Although GHG emissions increased by 8.7% (provisional) in the fiscal year 2007, MoE estimated that it would decrease by 1.4% in the third quarter of the fiscal year 2008 and approximately by 2.8% in the fourth quarter, leading to a 4 percent decrease in the fiscal year 2008. This unexpected great reduction of GHG emissions is due to the economic recession and resulting low economic activity in Japan.

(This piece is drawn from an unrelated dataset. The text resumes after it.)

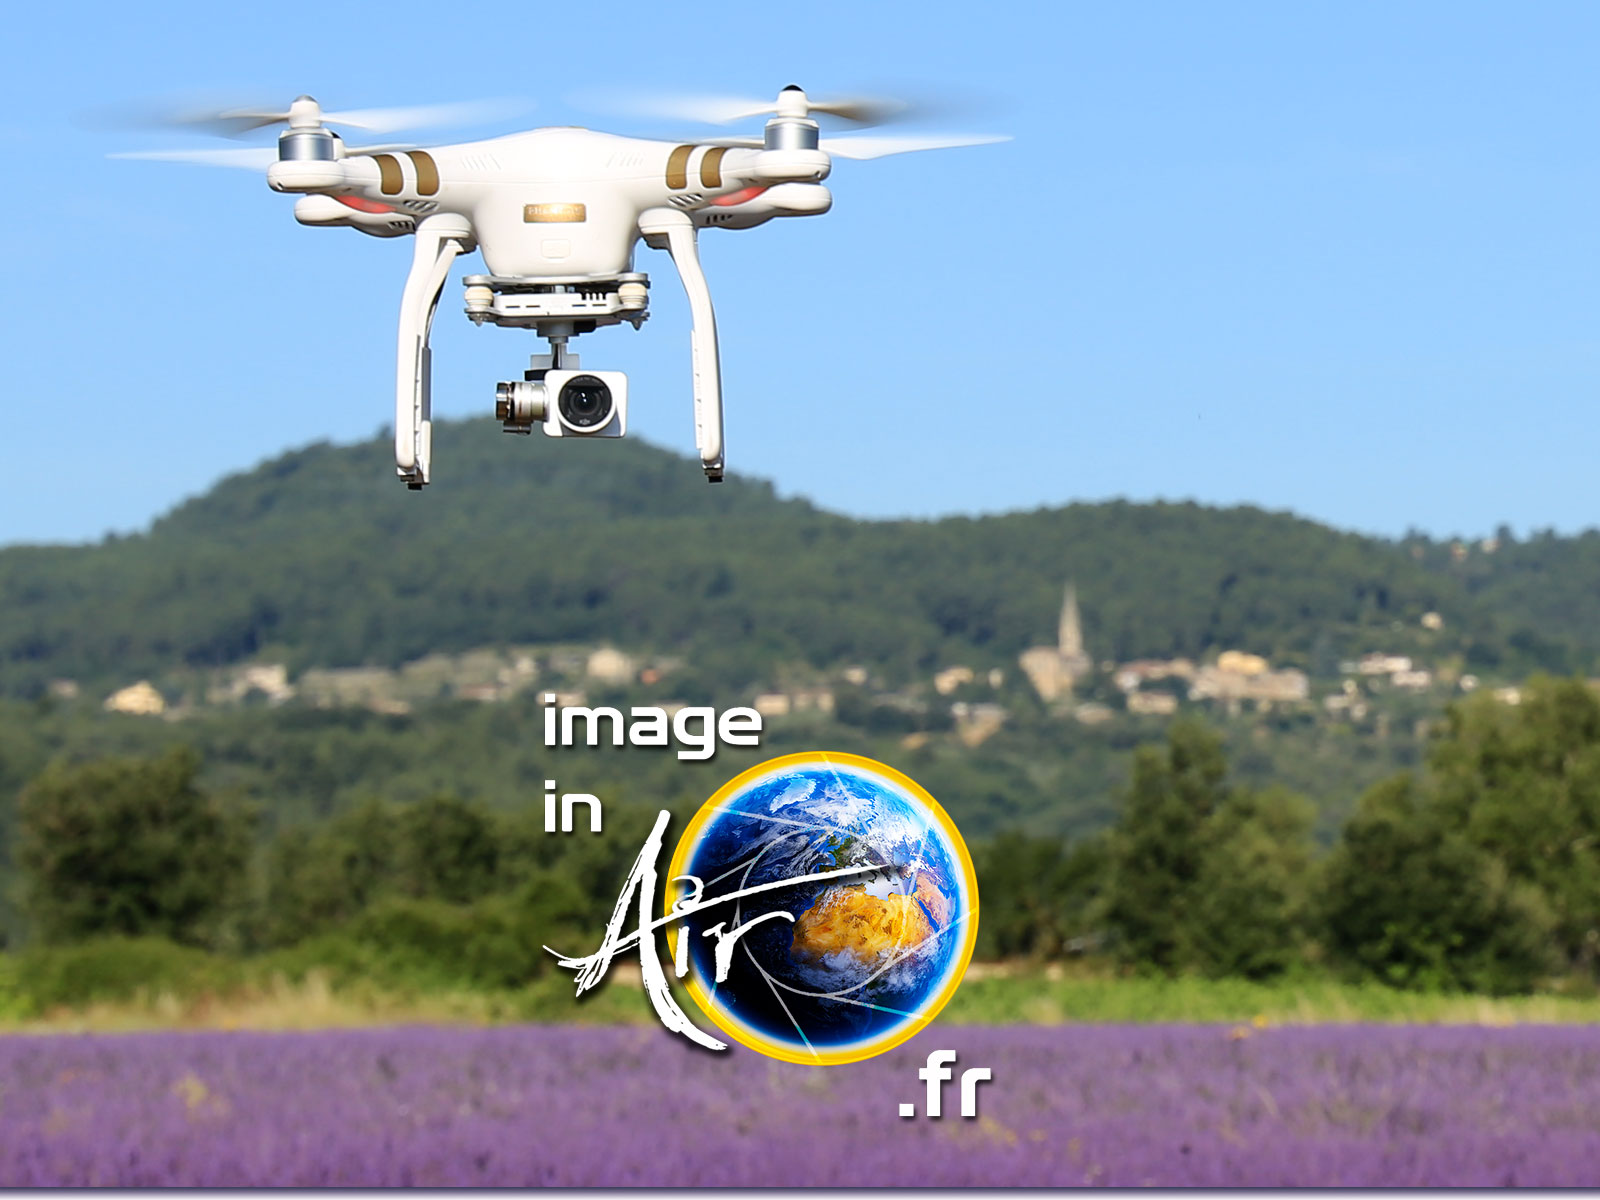 Photos et vidéos aériennes avec Image in air à l'aide d'un drone ou de l'autogire

Temporarily, this reduction seems beautiful. However, examined from the long-term viewpoint, it may not be so admirable because ‘economic recession’ and ‘temporary environmental improvements’ can become an unbeatable excuse of industry to avoid strict environmental policy. Though Japan’s economy contracted at an annualised 12.7 per cent in real terms in the third quarter of the fiscal year 2008, this was the SECOND worst after the Second World War. The worst occurred in the fourth quarter of the fiscal year 1974, influenced by the first oil crisis. At that time, its economy contracted at an annualised 13.1 per cent in real terms.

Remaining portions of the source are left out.